Demystifying Team Topologies in SAFe 

Ideas from Team Topologies have been referenced by the Scaled Agile Framework (SAFe) since version 5.1. Many SAFe classes, including the very popular Leading SAFe, have two slides summarising Team Topologies in the context of SAFe. Personally, I’ve always found a two-slide summary of a 240-page book to be somewhat ambitious - especially in the classroom. I figure I’m not the only one with this observation, so I thought I would attempt my own distillation of the key messages regarding Team Topologies in SAFe. 

For me, an appreciation of Team Topologies starts with an understanding of feature and component teams. In their book Scaling Lean & Agile Development, Larman and Vodde describe a Feature Team as “a long-lived, cross-functional team that completes many end-to-end customer features, one by one.” Feature teams are intended to accelerate flow by minimising handoffs and dependencies. According to Larman and Vodde, this construct has been around since the 1980s! 

The alternatives, which Larman and Vodde warn against, are single-function teams or component teams. Single-function teams only have one function, e.g. design, develop or test. Component teams are cross-functional (e.g., contain design, development, testing, etc.), and they are organised around single technology components. Most experienced agilists advocate for feature teams over single-function or component teams. Team Topologies adds another dimension to this trade-off by bringing the matter of team cognitive load into the equation.

You are probably familiar with the concept of cognitive load on an individual level, i.e. the amount of information a person can hold in their head at any given time. Team Topologies says the same is true of teams; there is a natural limit to the number of responsibilities and domains a team can work across before they are “spread too thin” and delivery suffers. To address this concern, Team Topologies recommends the application of four foundational team types: steam-aligned, enabling, complicated-subsystem and platform teams. 

The Four Fundamental Team Topologies

The principal team shape is the stream-aligned team. These teams are similar to feature teams but can have a broader application than features, such as alignment to a product, a user journey or a persona.  In Team Topologies, a stream-aligned team “is empowered to build and deliver customer or user value as quickly, safely, and independently as possible, without requiring hand-offs to other teams to perform parts of the work.” Stream-aligned teams are customer-facing, enabling fast customer feedback cycles. 

The three other topologies are used to “reduce the burden on the stream-aligned teams”.

• An enabling team provides stream-aligned teams with access to skills or capabilities they don’t have on a “consulting” basis. The System Team and Shared Services are examples of enabling teams in SAFe. This gives stream-aligned teams time to evolve skills/capabilities without taking time away from their primary goal.
• A complicated-subsystem team is similar to a component team but is only applicable when modifying the particular sub-systems requires the expertise of highly skilled specialists who are hard to source and hard to grow. These are more common in the realm of cyber-physical systems, where subsystems are often quite distinct. The other common example is when you have only 2 or 3 people remaining in your organisation who know how to work with a specific legacy technology.
• A platform team is also similar to a component team. Their role is to provide services to the stream-aligned teams, thereby reducing the cognitive load on the stream-aligned teams. One way platform teams differ from complicated subsystems is that the skill sets tend to be much more readily available than in the complicated subsystem teams.  A common example of a platform team is a mainframe team.
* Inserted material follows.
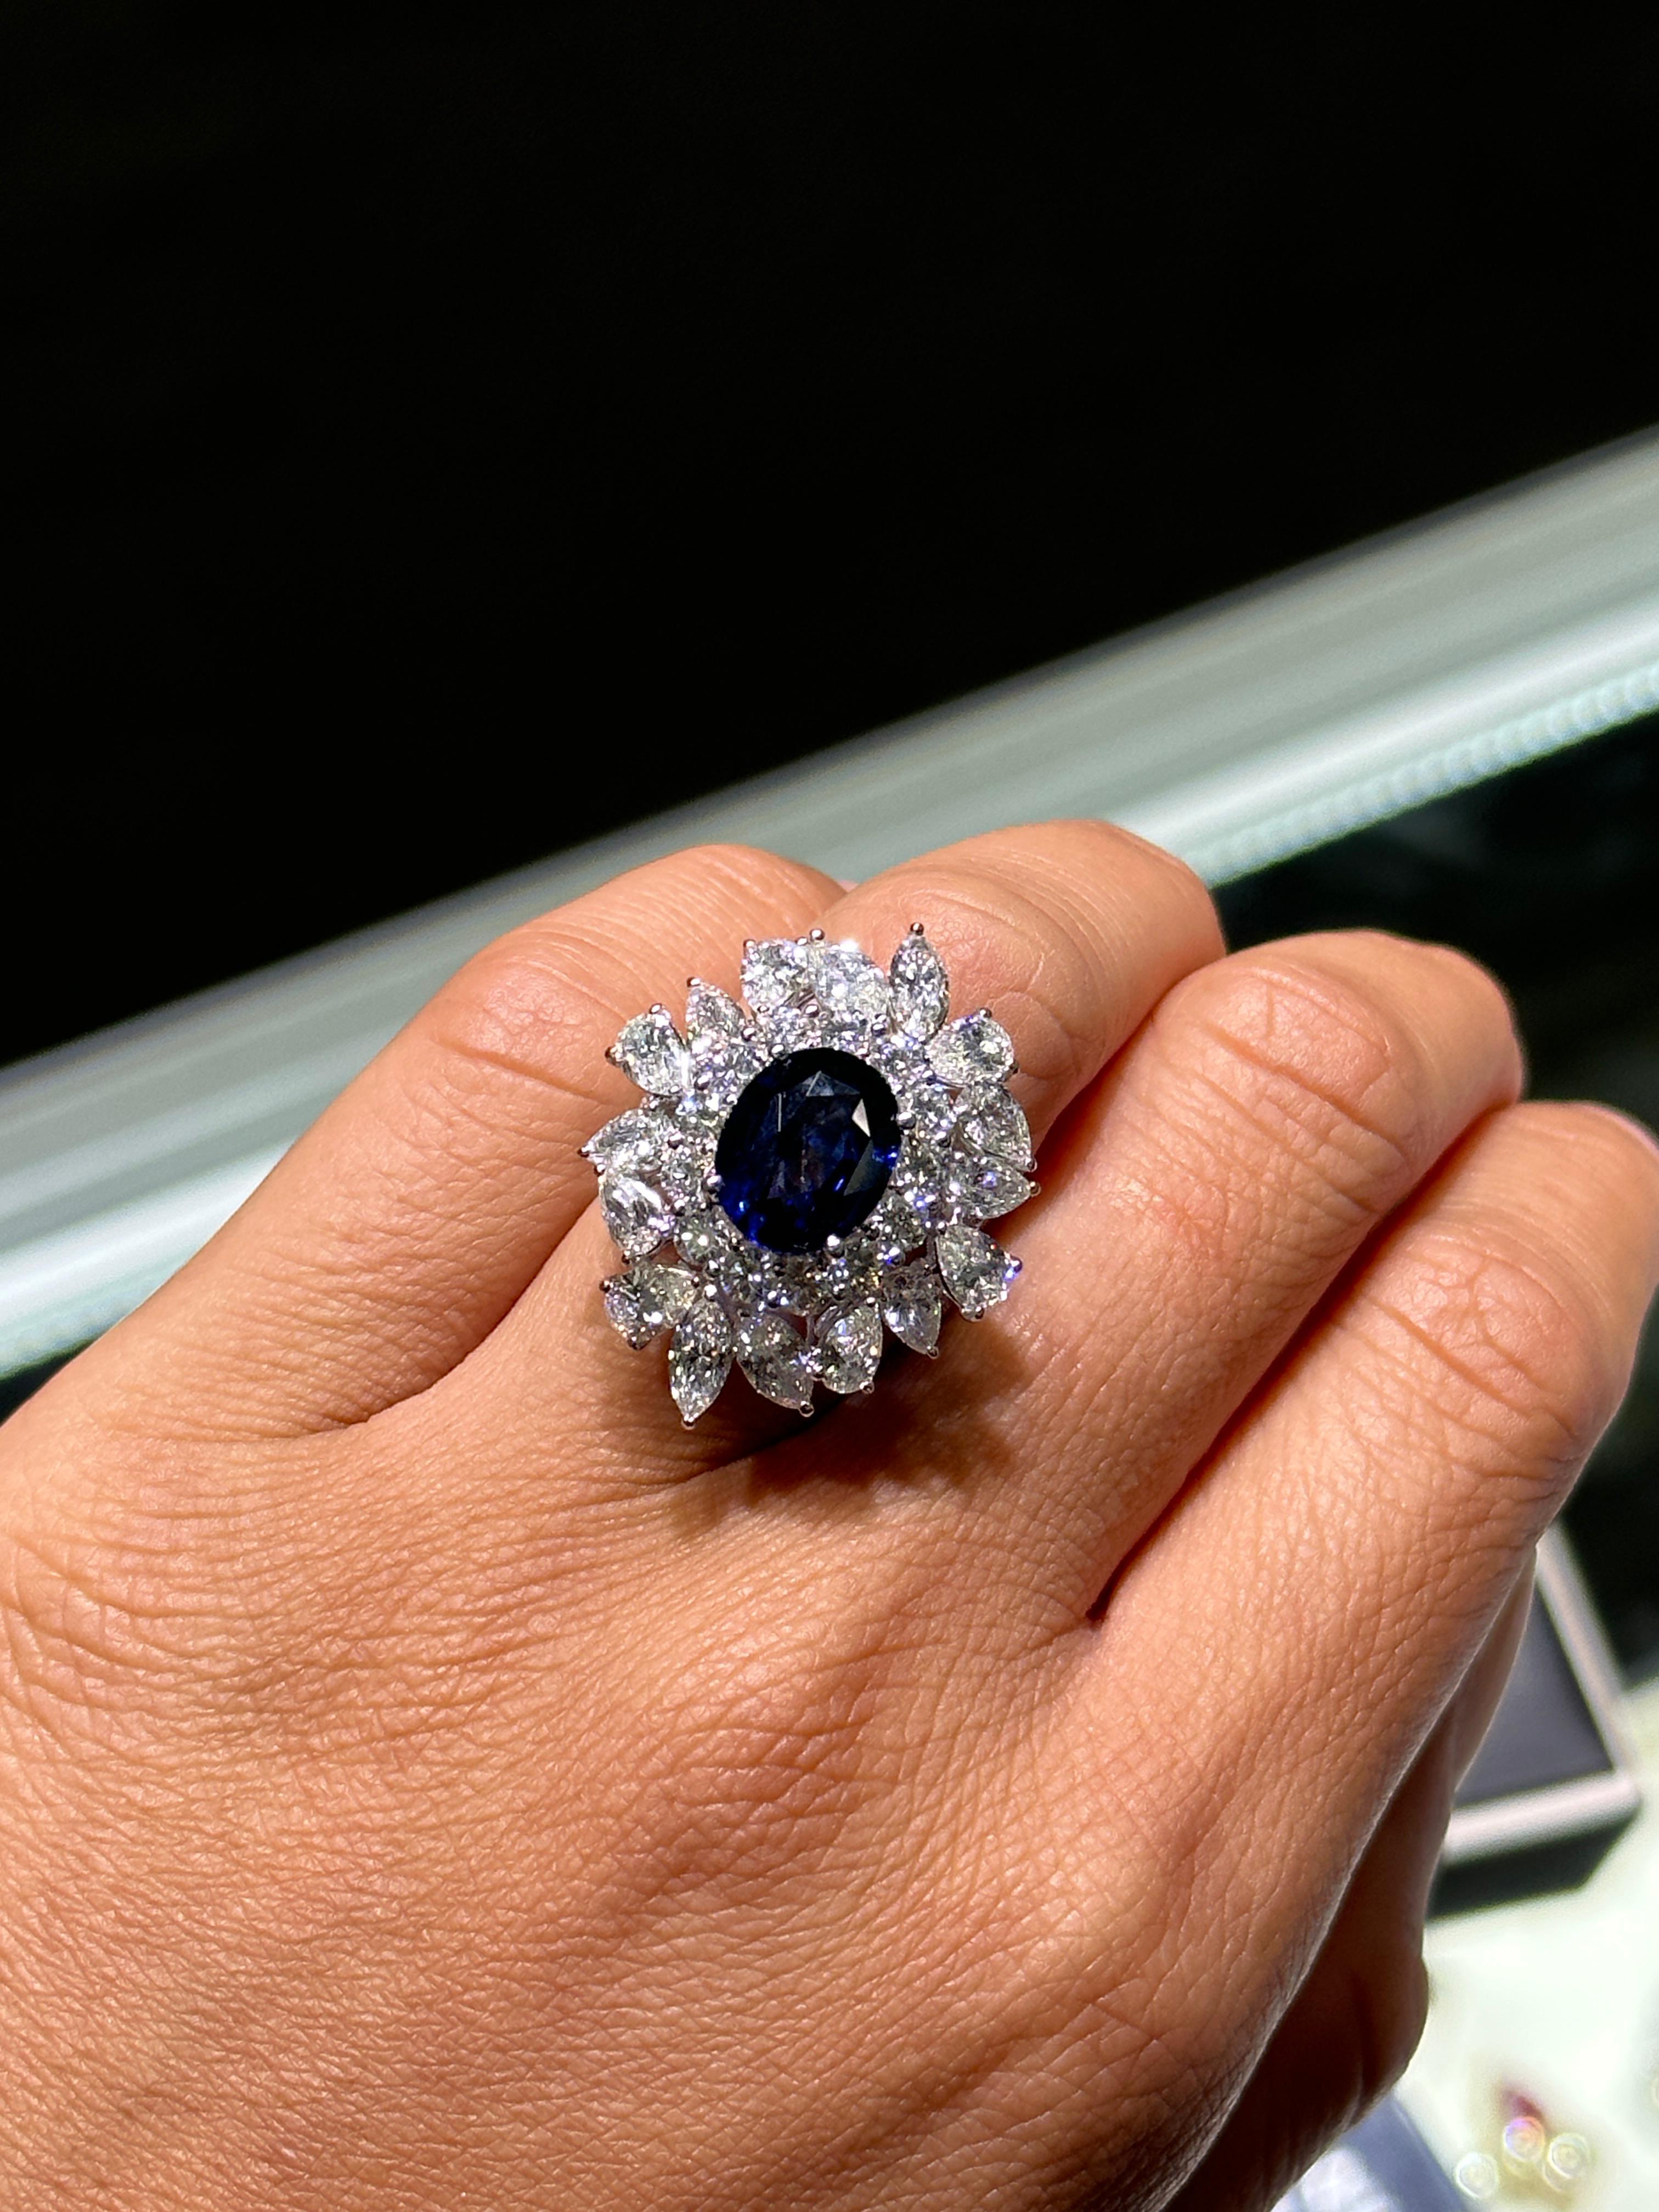 L'article suivant est une bague en or 18KT avec saphir bleu de Ceylan et diamant. La bague est composée de superbes saphirs bleus spectaculairement sertis et entourés de magnifiques diamants de taille fantaisie !!! A.C.C. env. 10.75CTS !!! Cette
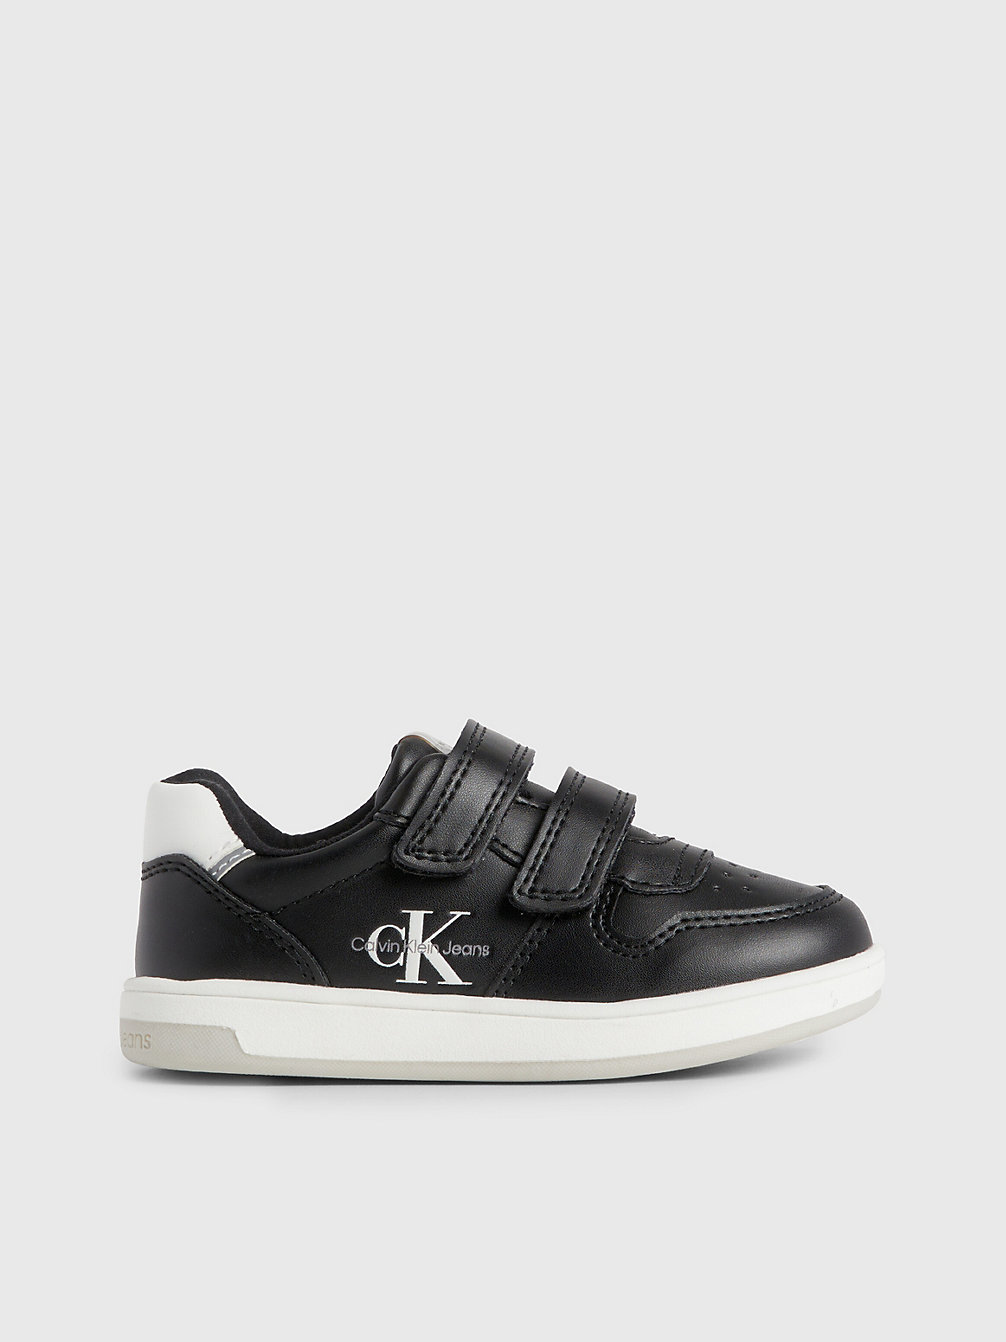 BLACK > Sneakers Mit Klettverschluss Für Kleinkinder Und Kinder > undefined kids unisex - Calvin Klein

When trying to identify the best team topologies for a given Agile Release Train(ART), we start by understanding the range of technologies that the ART is expected to enhance and maintain and the variety of skills the teams need to do this work. Given a maximum team size of nine or ten, including a Scrum Master, a Product Owner and at least one test specialist, this leaves a maximum of six or seven other roles on a team. If you also have more than six or seven technologies requiring unique skill sets, this should trigger a conversation about the make-up of the steam-aligned teams and how they could be best supported by the creation of enabling, complicated-subsystem or platform teams. 

In many cases, even six or seven separate technical skill sets are probably too many for a stream-aligned team. Remember, our goal is to ensure the team's cognitive load is manageable, and that means a team with six of seven single points of failure will be a bad choice. 

The two other big takeaways I had from the Team Topologies book were a reminder to consider Conway’s Law and an introduction to the “three essential team interaction modes” - collaboration, X-as-a-Service, and facilitating. Neither of these topics are included in SAFe’s guidance on Team Topologies, but I thought I would leave these breadcrumbs here for those who are thinking about diving into the book and learning more. Specifically, there is some great guidance on how team structure impacts the architecture of your systems and how to leverage team structure to influence a future architectural state.

While this explanation of Team Topologies as it applies to SAFe is very high-level, I hope it has gone a little way to demystify the topic and make team cognitive load a consideration for your next ART.